We examine the accuracy of the classifiers as the number of users is increased from two to four, while the window size is fixed to 256, the overlap is 50 % and the sampling rate is 1 ms. Figure 7 reports on classifiers performance on user identification, using the different monitored features i.e., CPU, memory and network consumption, as the number of users is increased. As expected, classifiers’ accuracy is degraded when additional users are introduced in the system. On the one hand, under all the configurations, the SVM, SMO, 5-NN and 10-NN classifiers perform very poorly. On the other hand, the J48, DT, BN and MLP classifiers achieve accuracy levels of up to 98 % depending on the configuration; however, the general trend regarding the effect of the number of users is the same for all the configurations. Nevertheless, we need to underline that the decline in performance, subject to the number of users, is not detrimental and it does not occur at a staggering rate, thus providing encouraging indications regarding large-scale deployment of such classifiers for user identification.
Fig. 7

Effect of number of users on the accuracy of classifiers. a CPU. b Memory. c TCP MIB. d Netstat

In particular, Fig. 7a presents classifiers performance on CPU data as the number of users is increased. SVM, SMO and k-NN exhibit the same levels of accuracy at approximately 50, 33 and 24 % for two, three and four users, respectively. DT and BN perform better with accuracy in the range of 66–74 % without imposing high accuracy variations compared to the previous classifiers. MLP and J48 achieve almost the same level of accuracy (87 %) when they are applied to distinguish among two users. MLP accuracy decreases up to 6 % for three and four users, while J48 accuracy is degraded only by 2 %, both of its results are very satisfactory in terms of scalability.

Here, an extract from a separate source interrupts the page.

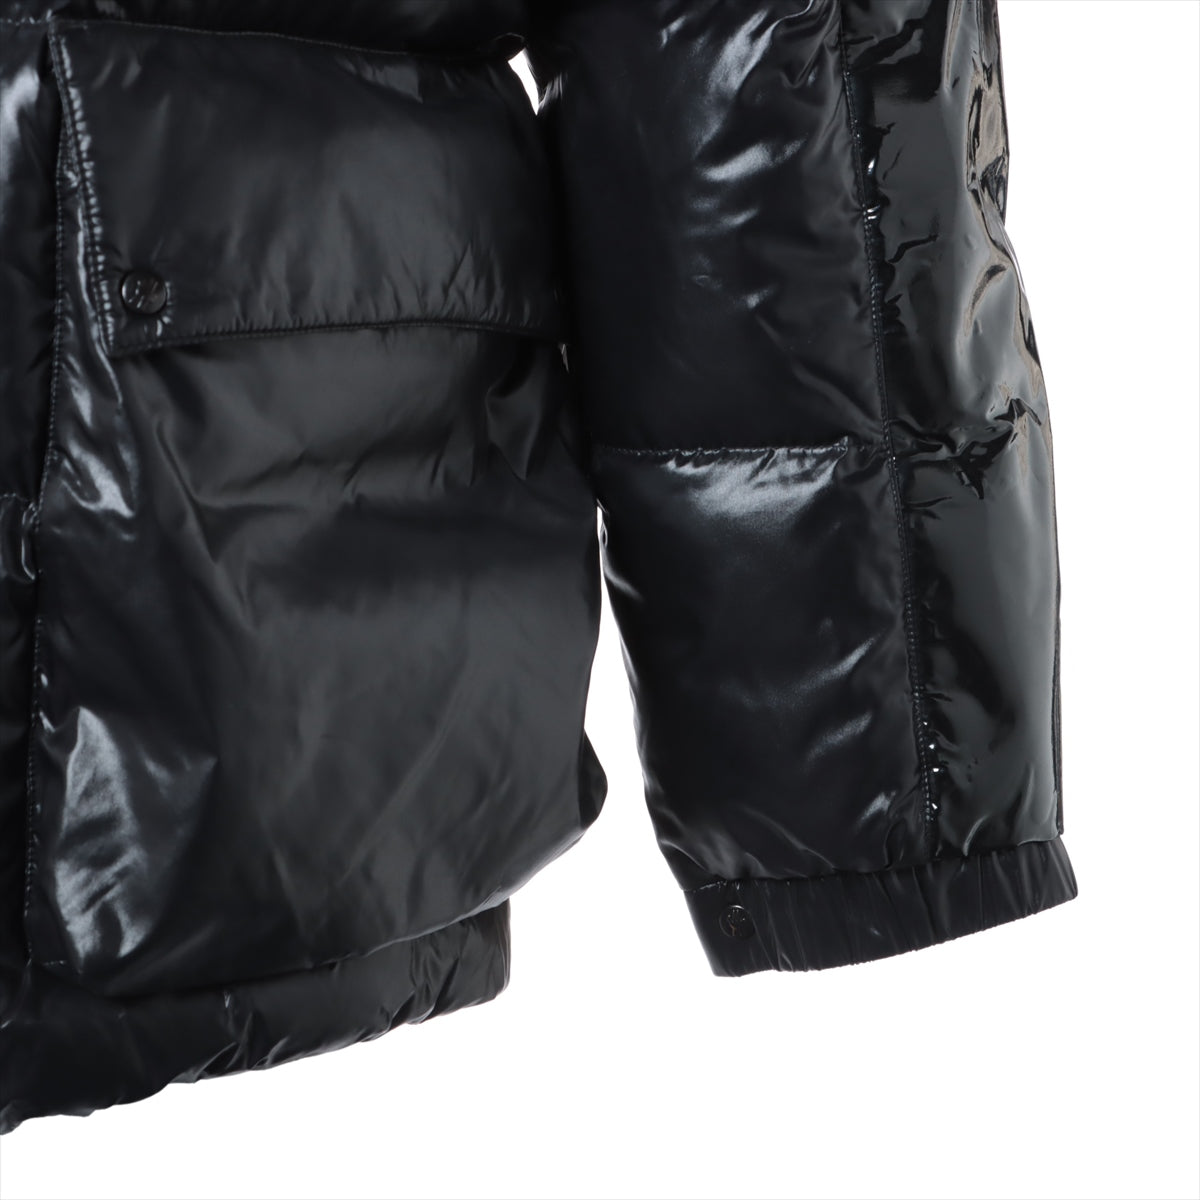 Moncler Genius Fragment NIEUPORT 19-year Nylon Down jacket 1 Men's Black  Removable hood Hiroshi Fujiwara

With regard to classifiers performance when applied on the memory dataset, as the number of users is increased they follow a similar trend to that of the CPU dataset, albeit exhibiting an overall higher accuracy, as Fig. 7b illustrates. SVM, SMO, and k-NN perform poorly with accuracy levels as low as 23 % for the configuration of four users. Conversely, MLP and J48 perform almost identically in terms of accuracy for the configuration of two users, approximately 98 %. However, J48 outperforms MLP by about 1 % for the case of four users, while DT and BN achieve smaller levels of accuracy between 80 and 85 % for all cases. Similarly to the other experiments, the results concerning the memory dataset are the ones that exhibit the highest accuracy out of all considered ones.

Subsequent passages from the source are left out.